Spriggan was serialized in Shogakukan's manga magazines Weekly Shōnen Sunday and Shōnen Sunday Super during the early 1990s. The manga was adapted into an anime film by Studio 4°C in 1998. A PlayStation game called Spriggan: Lunar Verse was also based on the manga with some material created for the game.
Many years ago, an ancient civilization known for their advanced technology once ruled Earth, but were destroyed in the end by their misuse. So, they left messages for later generations in the form of indestructible message plates written in ancient Hebrew, informing them that if they could not find a good use for their creations, they should be destroyed.
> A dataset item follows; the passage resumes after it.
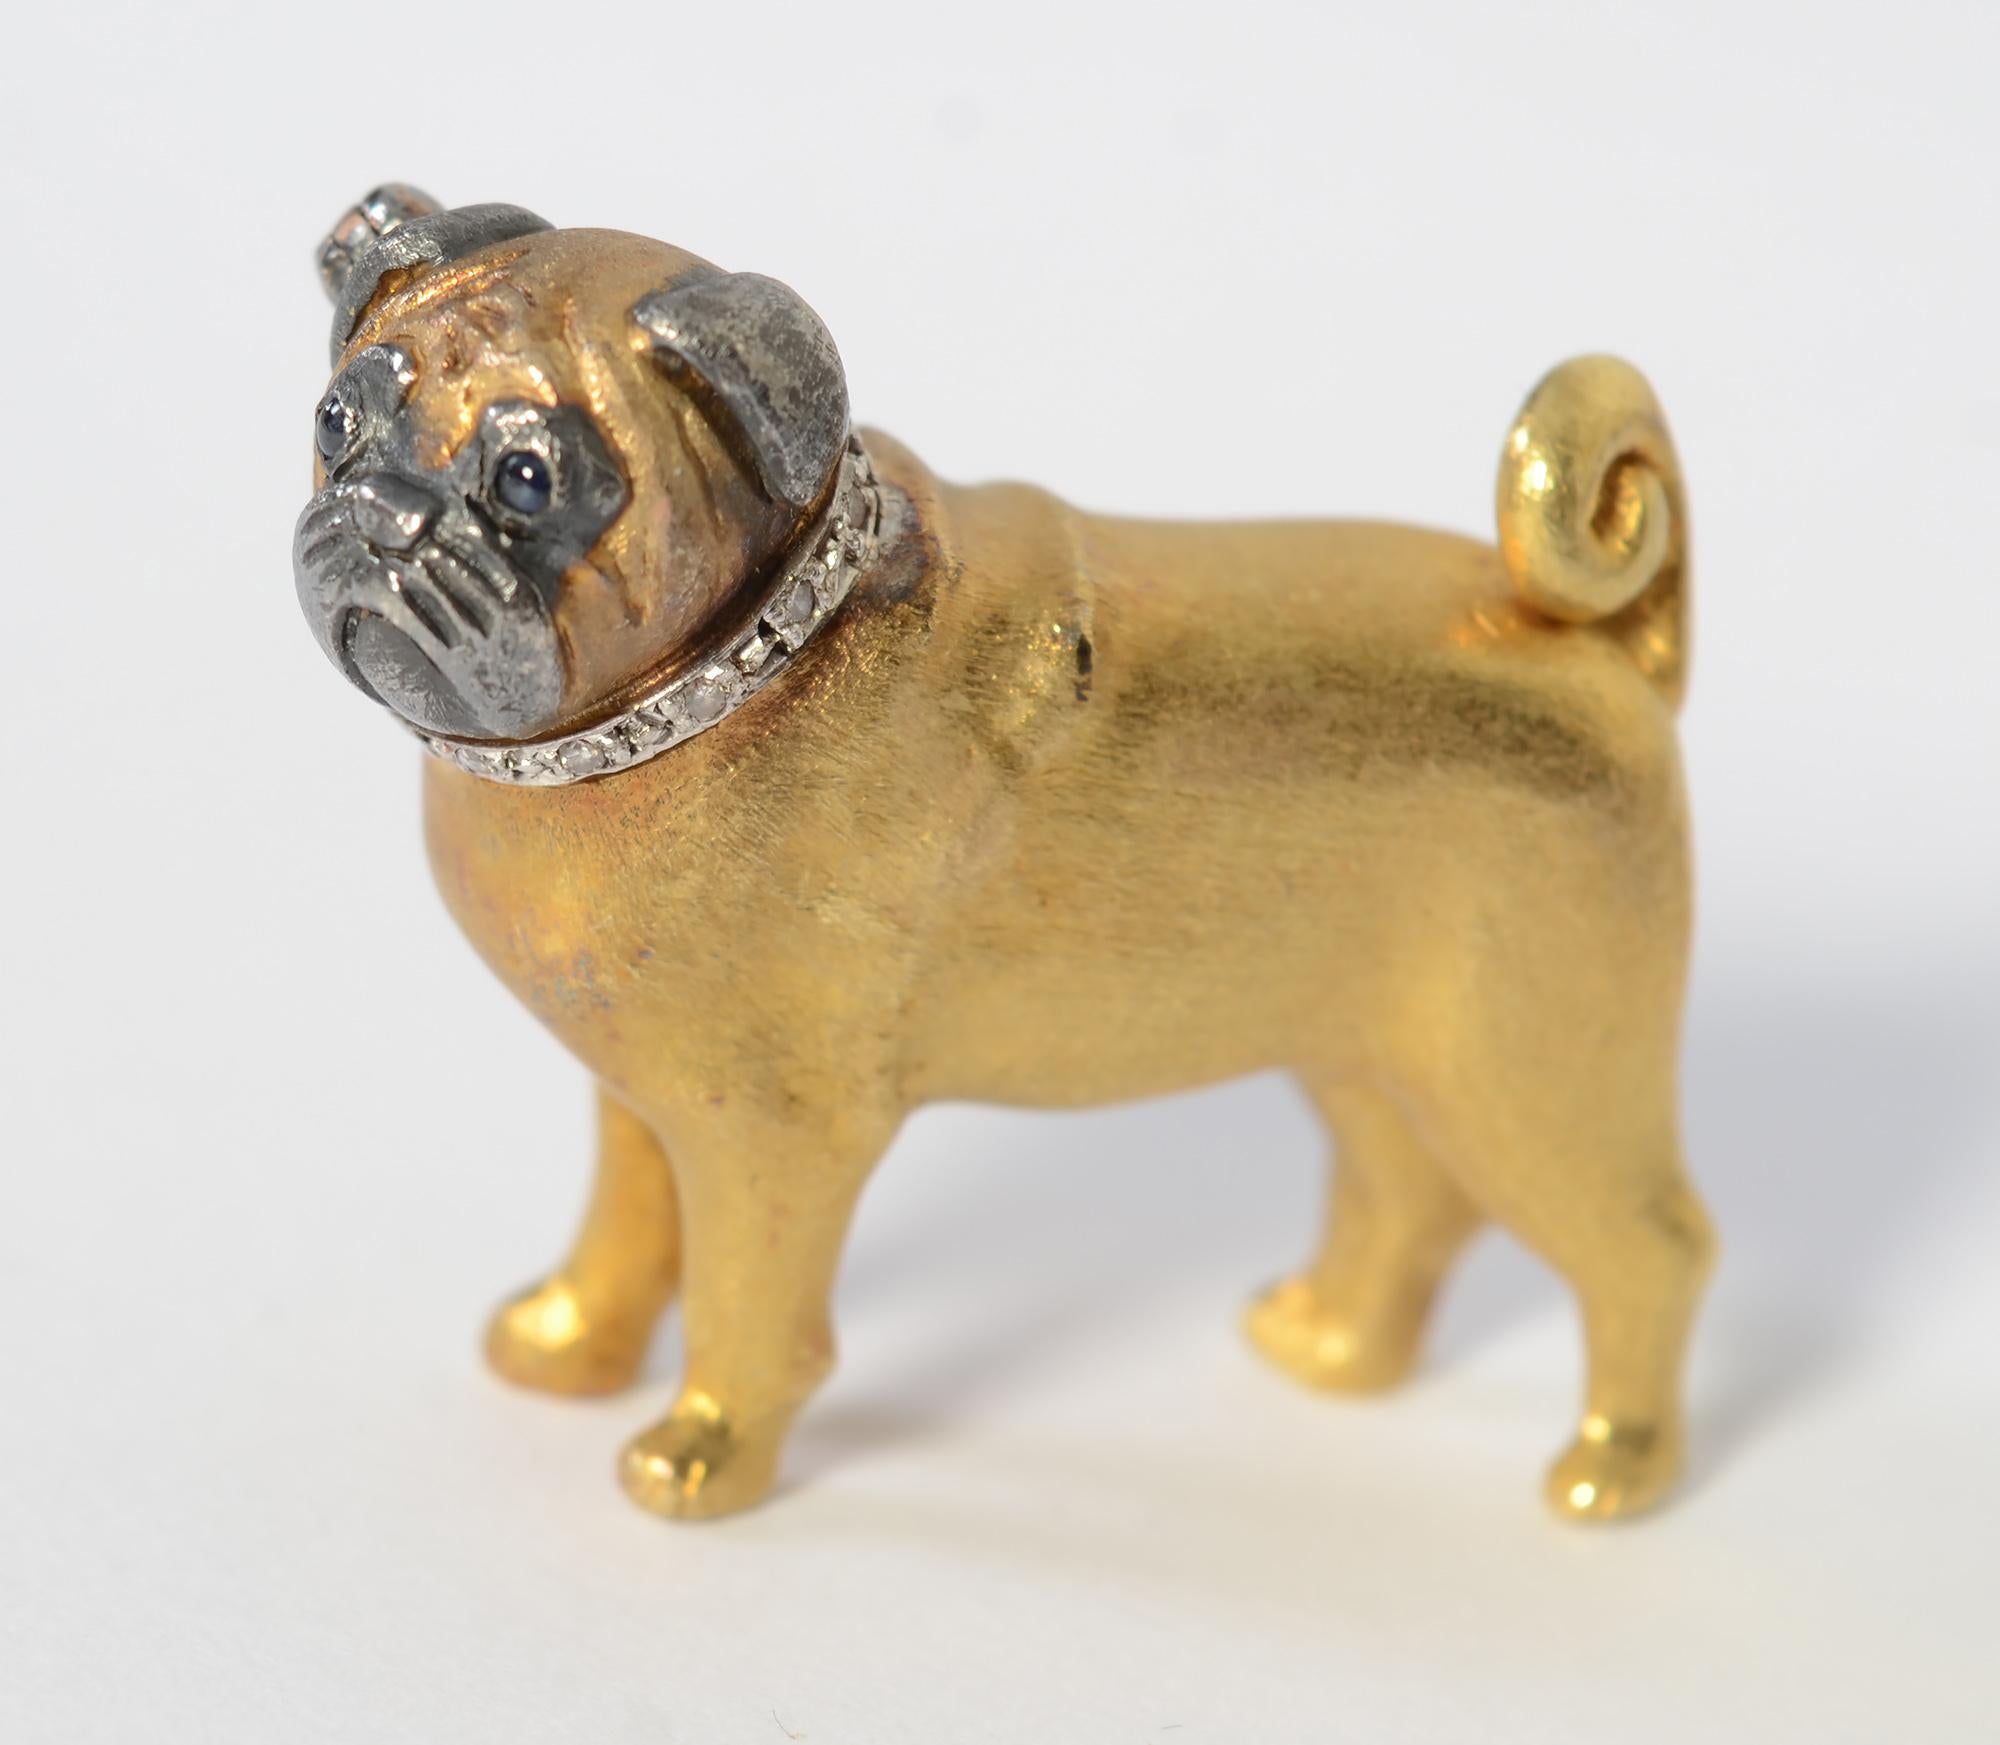 This beautifully made Pug brooch is as solid as the breed itself. It is wonderfully textured and detailed. The protruding eyes appear to be sapphires. The ears and snout are blackened. The brooch has English hallmarks and a maker's mark with which I

Various paramilitaries, national armies, and armed private forces began to secretly search for these "mysterious artifacts" in order to be used for their own good and against their enemies. The ARCAM Corporation and their military arm, the ARCAM Private Army, can stop these forces from destroying themselves with their elite secret agents known as Spriggans (or Strikers).
||This section describes a work or element of fiction in a primarily in-universe style. (March 2010)|
- ARCAM Corporation: Founded in the United States, it has branches covering all countries from across the globe. Its mission is to covertly secure and/or destroy all ancient artifacts (whether they would be items, machines, ruins, etc.) from all known enemies that may use them for their own benefit. Its breakthrough was the refinement of Orichalcum, a strong metal that was used for ARCAM's Armored Muscle Suit and on Yu Ominae's Orichalcum combat knife. MJ-12 and Trident Corporation were able to refine their own Orichalcum suits, mostly based/stolen from ARCAM's research. The spelling ARCAM is said to be a misspelling of Arkham.
- ARCAM Private Army: The ARCAM Corporation's paramilitary wing, its duties vary but their main purpose is to conduct offensive and defensive operations on various out-of-place artifact locations and its aggressors, ranging from private corporate military wings to national militaries.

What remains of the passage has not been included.